# R31 Drift build (help)



## Proudy (Feb 27, 2013)

So i am interested in building a track only drift car, my neighbor has offered his R31 (think its executive) for $500, its got a RB30E and is an auto.

I will explain my plans and would love for you to post your opinions/suggestions 



The diff i will buy a mini spool for (to lock the diff).

I will convert it to a manual but unsure of what model gearbox.

Originally i was going to spend the $$ to throw a RB25DET into it but i have heard about the RB25/30DET builds (rb25det header with rb30e bottom end) and i think i might have a go at it, wondering what turbo, pistons, etc. i will need and what ecu i will need to run it, or chip, etc. and would it be suitable to bore out the bottom end (just reminding everyone i am a complete newbie with all of this).

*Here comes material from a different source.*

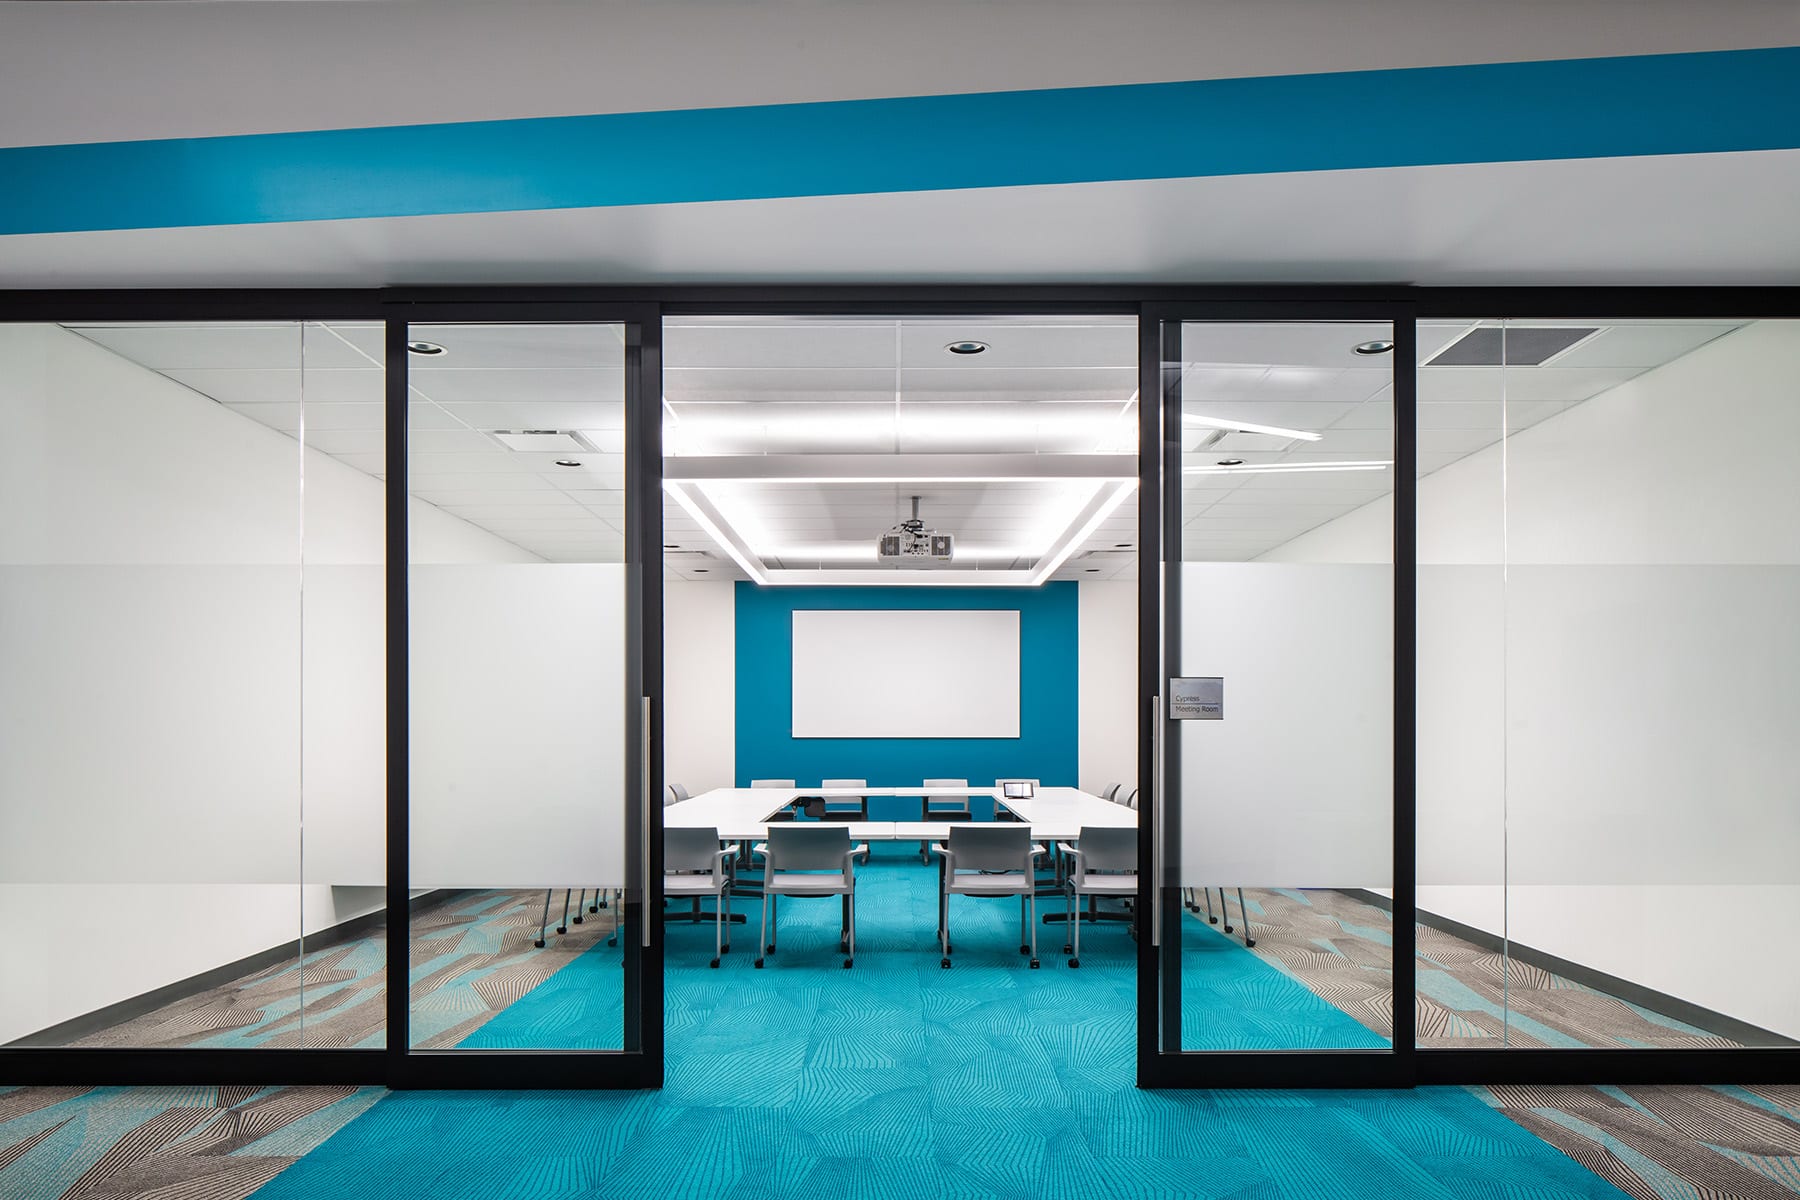 Surrey office design for large meeting room with AV, demountable walls
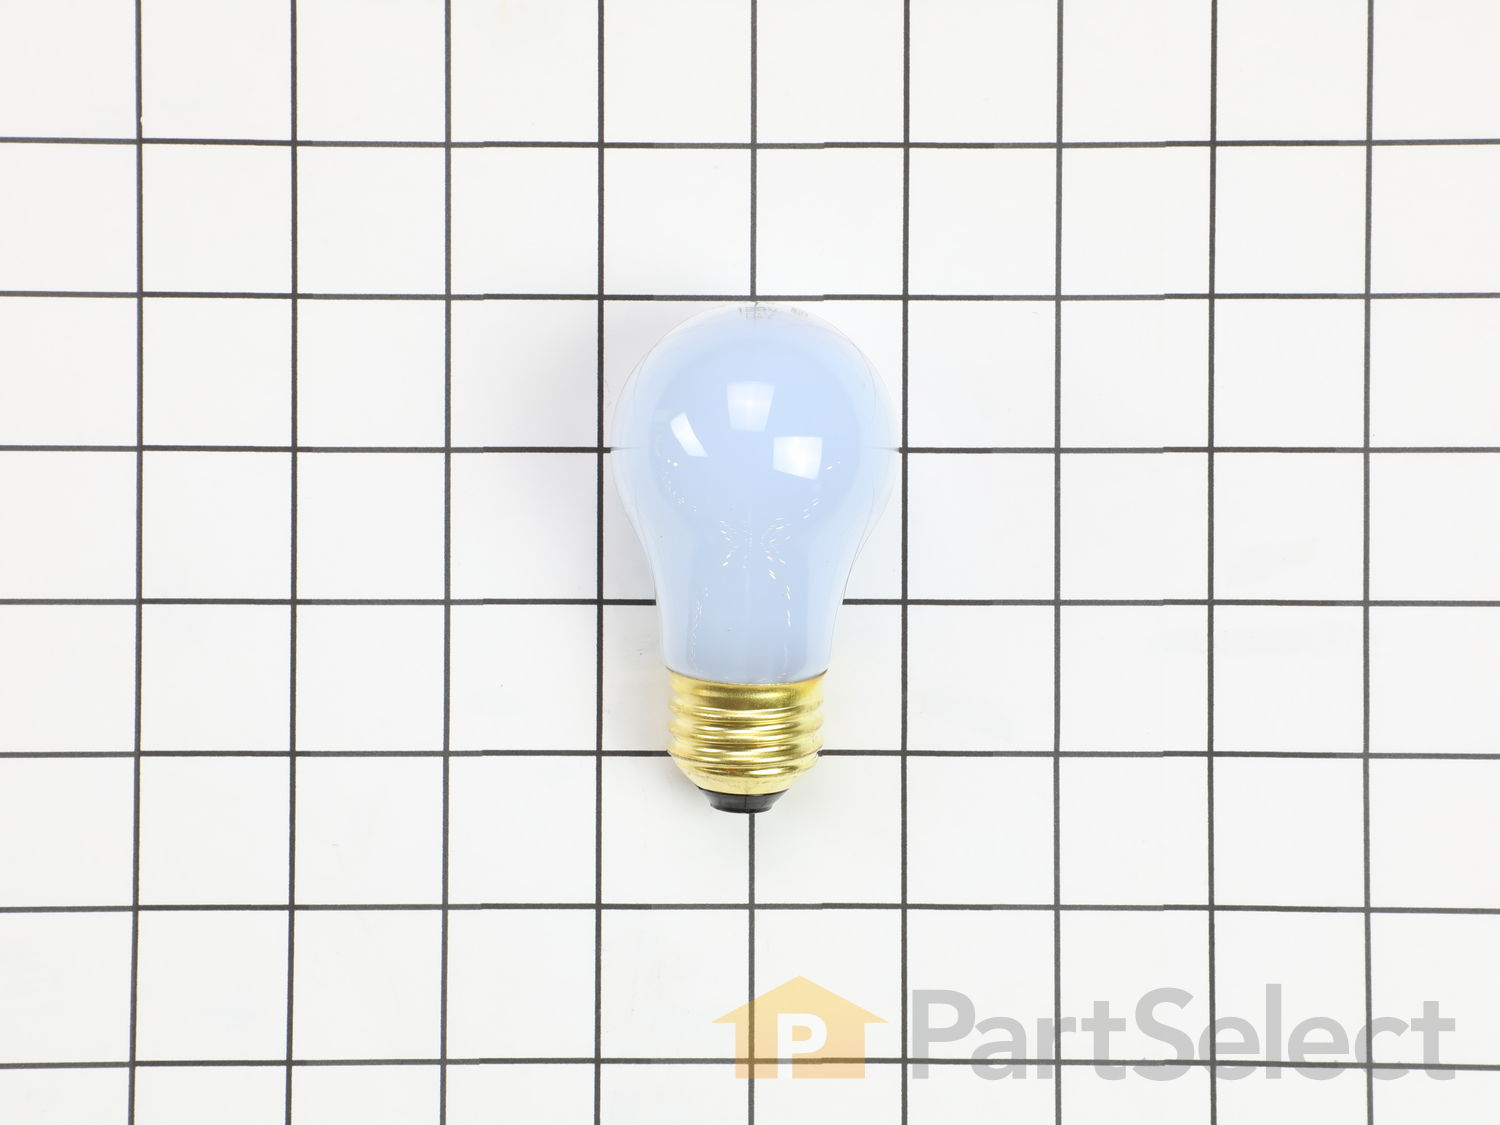 Electrolux Replacement Light Bulb For Refrigerator, Part

I was looking at some coil overs and another newbie question while I'm at it is can you adjust the camber with all coil overs or just some? (I'm thinking of buying s13 type of coil overs and modifying the body to fit).

most drift pig cars i see seem to have spacers between the hubs and rims (just a guess because of how far the wheels stick out) and thinking this would be a great idea because it seems like it would make the car less likely to want to flip (not quite sure how to put it).

This car will be used for drift only purposes and by no means at all do i care about the looks 

That's all i can think of in a nutshell
Thanks in advance for every ones input !


----------



## spinnanz (Mar 29, 2011)

your in oz or nz?


----------